Bruce plums can be consumed in nearly every way imaginable. They can be sauteed, baked, boiled, canned, juiced, and much more. They make amazing plum cobblers, crumbles, jams, cakes, muffins, and sauces. When it has fully ripened, the Bruce plum can produce about one-fourth of a cup of juice.

The Bruce plum does not need to ripen on the tree and can do so on its own once it has been harvested. To do this, place them in a paper bag and close loosely. Then, leave the bag on the kitchen counter at room temperature and check it every 24 hours. Adding another fruit, such as apples, can speed the ripening process by adding more ethylene gas.

The Bruce plums are ready to harvest when they have slightly softened, and usually, they are ready to be picked in June and July. The skin will be chalky and bright red with a tart flavor, and the fruit will be juicy and sweet. To harvest the plums, twist the fruit at an angle off of the branch instead of pulling it to avoid damaging the limb. Alternatively, scissors or another sharp object can be used to cut the fruit off of the tree.

Bruce Plum Advice

The Bruce plum tree grows best in soil that is loamy, dry, and well-drained.
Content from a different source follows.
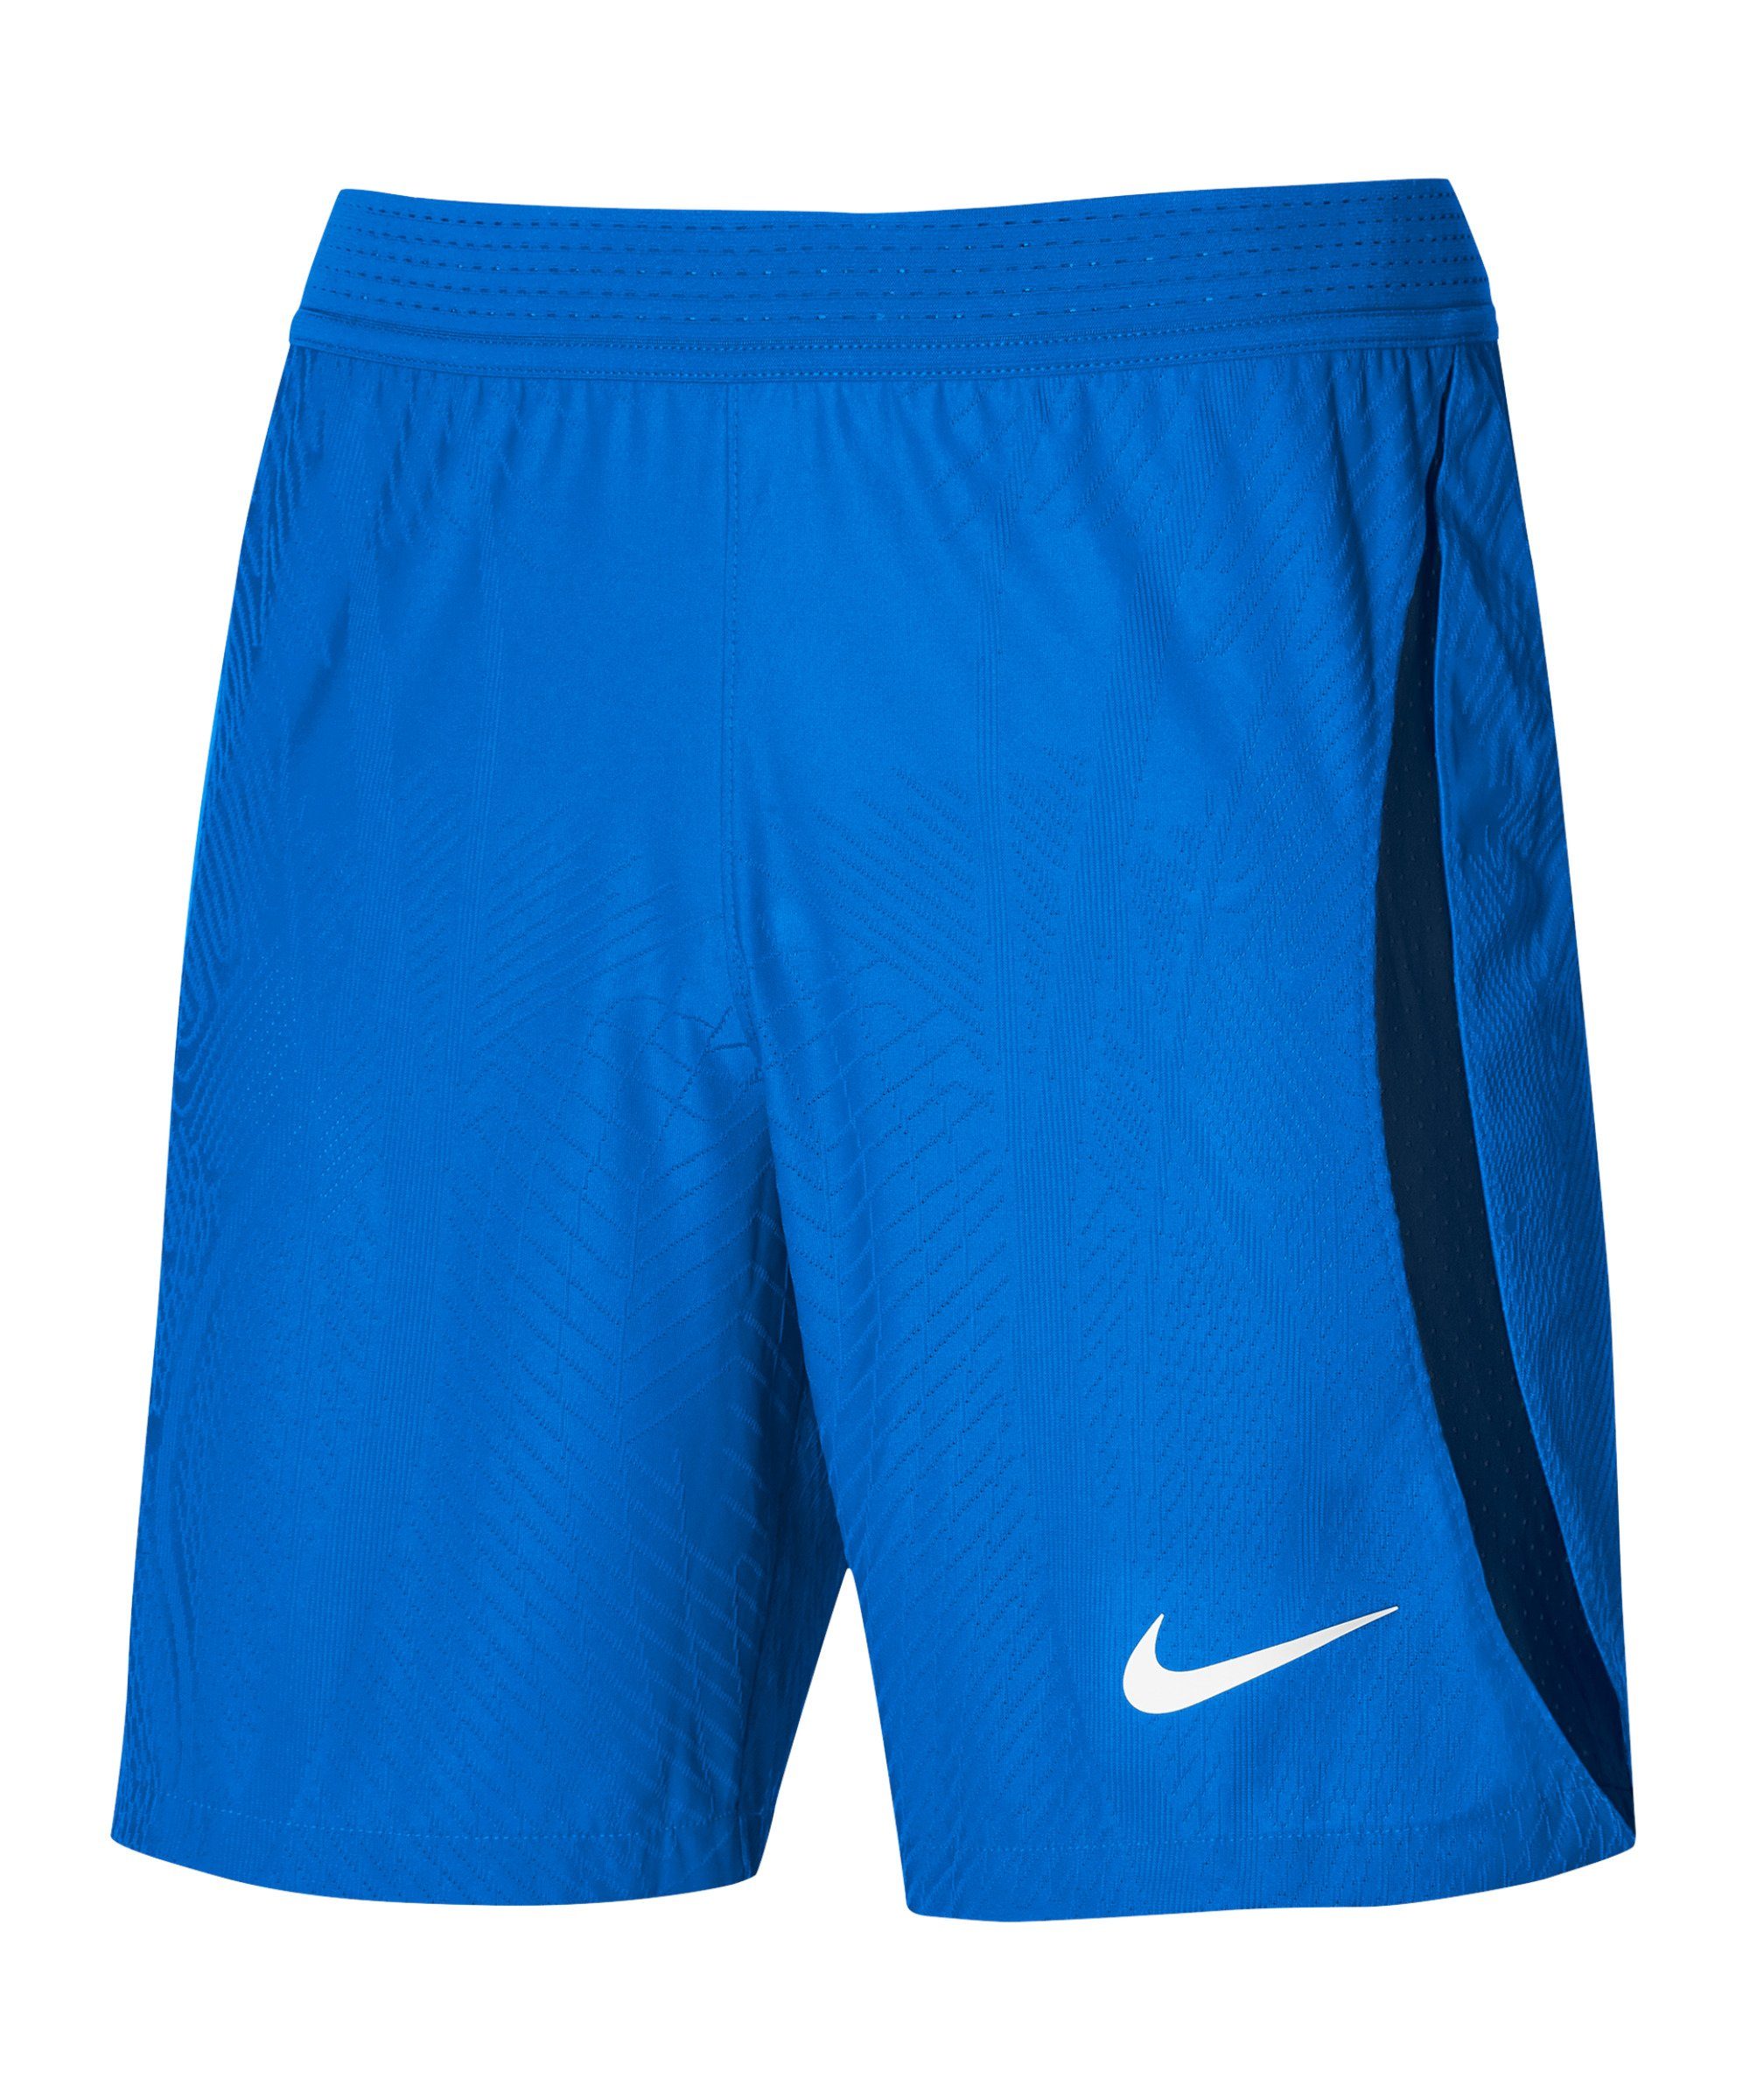 Sporthose dunkelblaublauweiss Nike ADV Short IV Vaporknit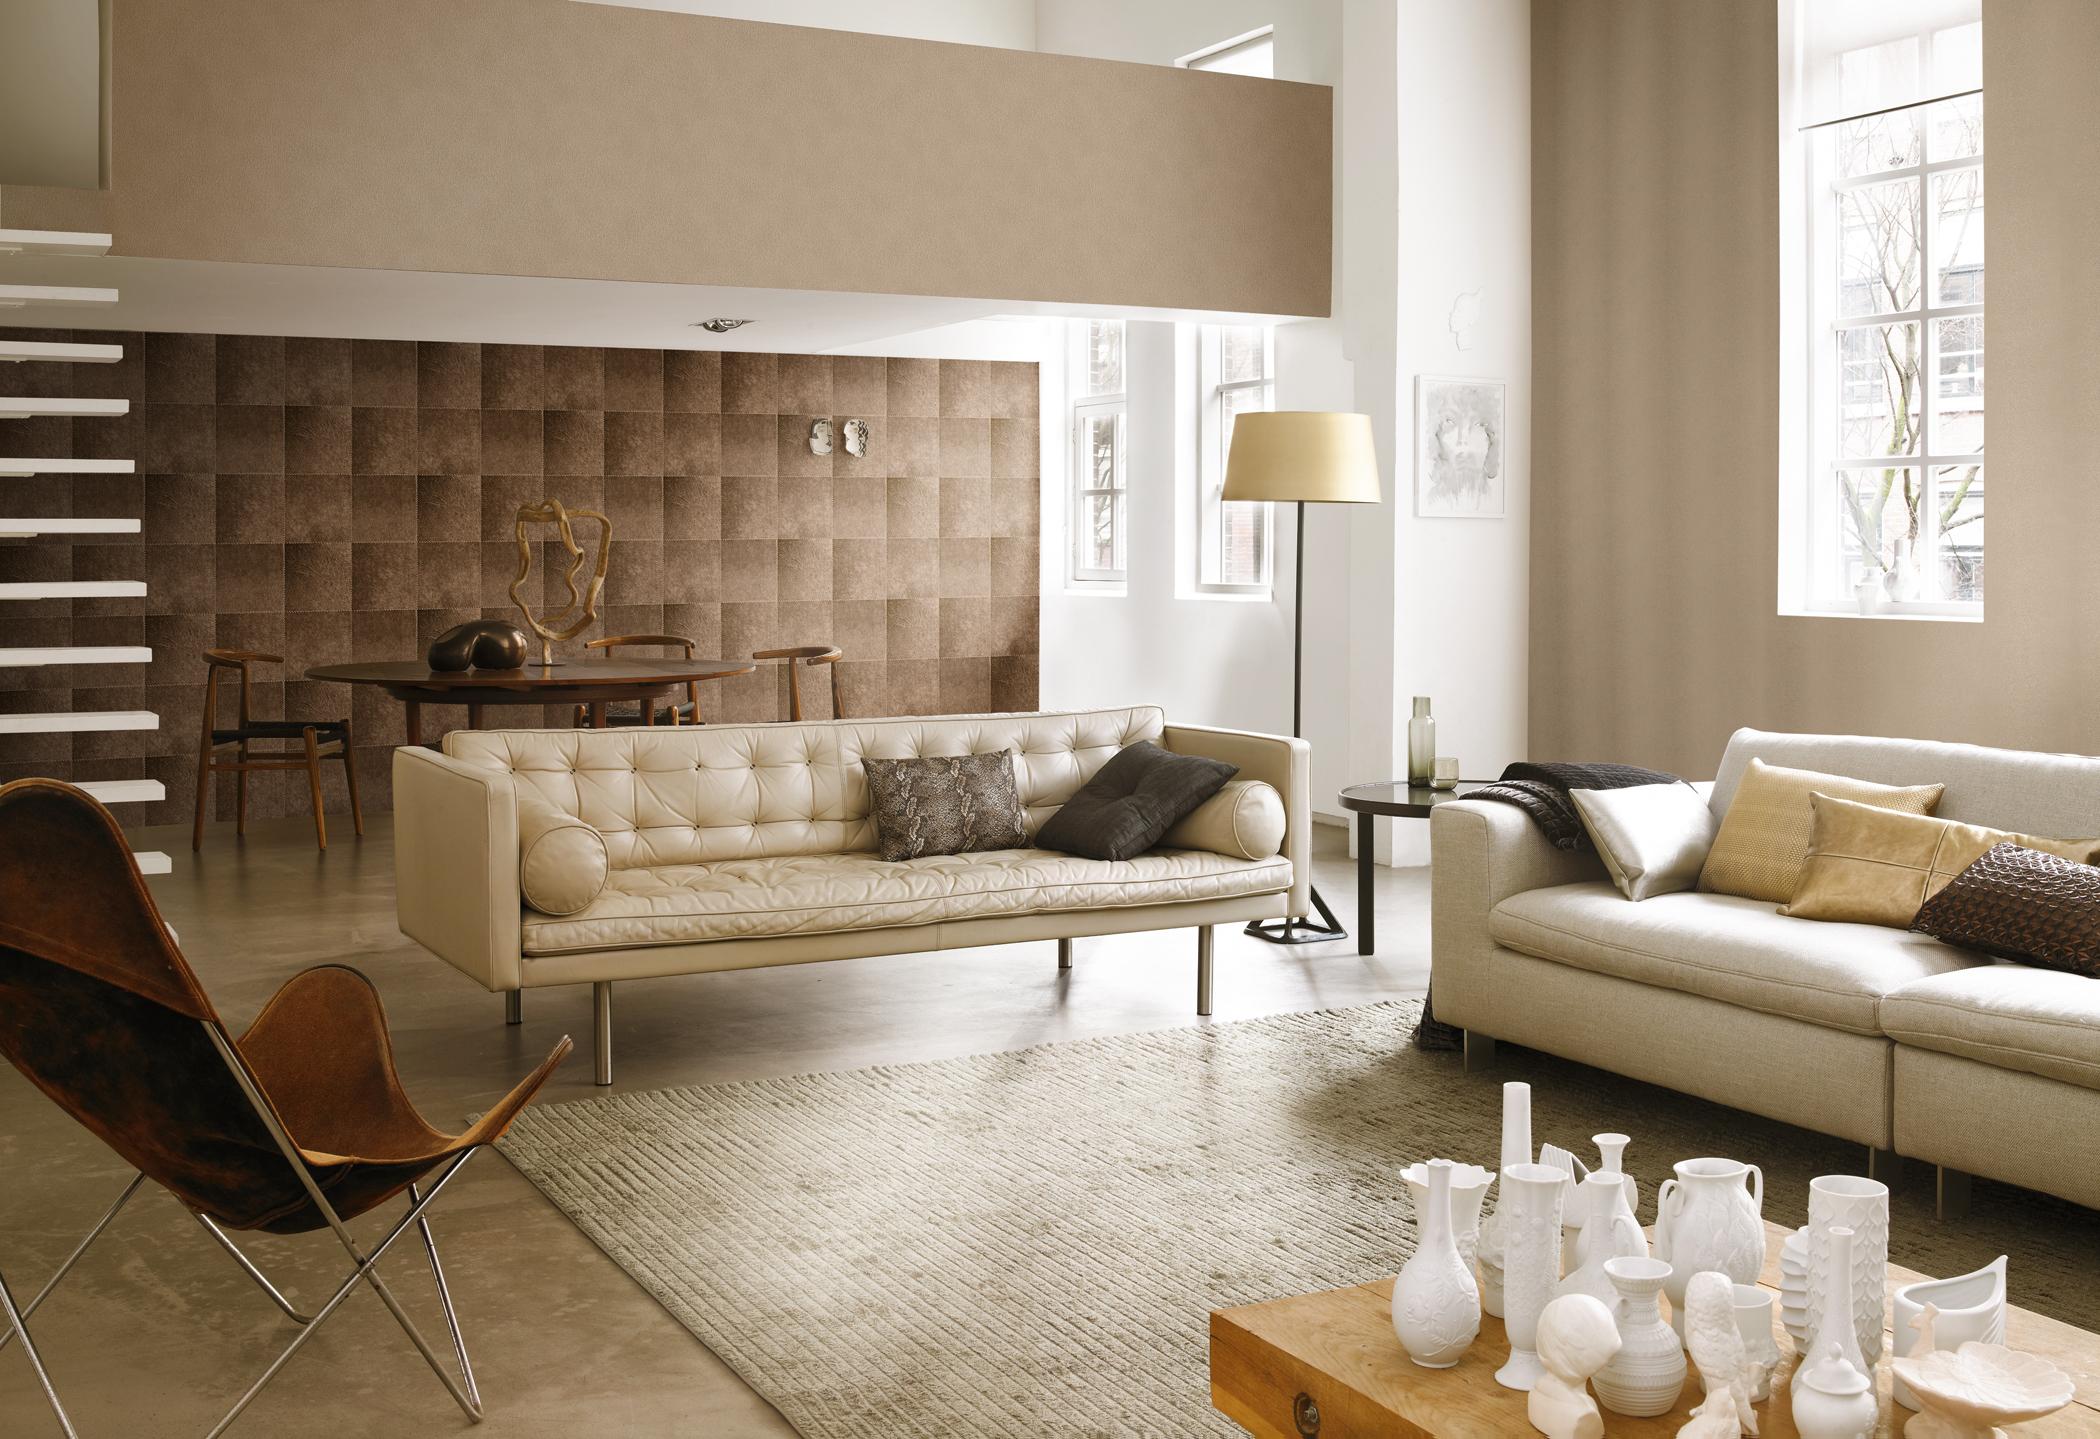 Braun gemusterte Tapete im klassischen Wohnzimmer #ledersofa #wandgestaltung #stehlampe #vliestapete ©Rasch

Too much moisture in the plant, either because of overwatering or compact soil, can cause root rot and ultimately damage or kill the tree by drowning the roots. Watering should be limited to once every 10 days once it is fully matured. In its early stages and during the summer, it may need to be watered more often. The soil should be mostly dried out before you water the tree again. In harsh winters, the plant should be covered to protect it from early frost when it is young.

When choosing a fertilizer for the Bruce plum tree, make sure that it is balanced and gentle. Organic grass clippings are gentle enough to be used for young trees. A 2 to 3-inch layer of mulch is great for retaining moisture and preventing weed growth.

Bruce plum trees, like many other fruit trees, are prone to becoming damaged by pests. To prevent this, check the plant often for signs of infestation from aphids, pink maggots, and scales. If pests are present, you can buy or make a natural pesticide to help mitigate their presence and impact.

FAQs

Are Bruce plum trees self-fertile?

Bruce plum trees are not self-fertile and need pollination from other plants. Therefore, another plum tree needs to be planted near it to grow them successfully. Methley, Burbank, and Santa Rosa are all great for this. Additionally, keeping bees near the trees help speed up the pollination and growth process.

What is the lifespan of the Bruce plum tree?

The Bruce plum tree usually lives for about 10 to 30 years, depending on the environment and how well it is taken care of.

Are Bruce plum trees high maintenance?

Generally, Bruce plum trees are fairly low-maintenance. They can grow in many different soil types as long as it drains well and they can reach nutrients. It also isn’t tied to its native environment, and it can grow well across nearly all of the Southern United States.

Are Bruce plums sweet?

Bruce plums are sweet, but semi-acidic as well. This makes them great for canning and for use in desserts.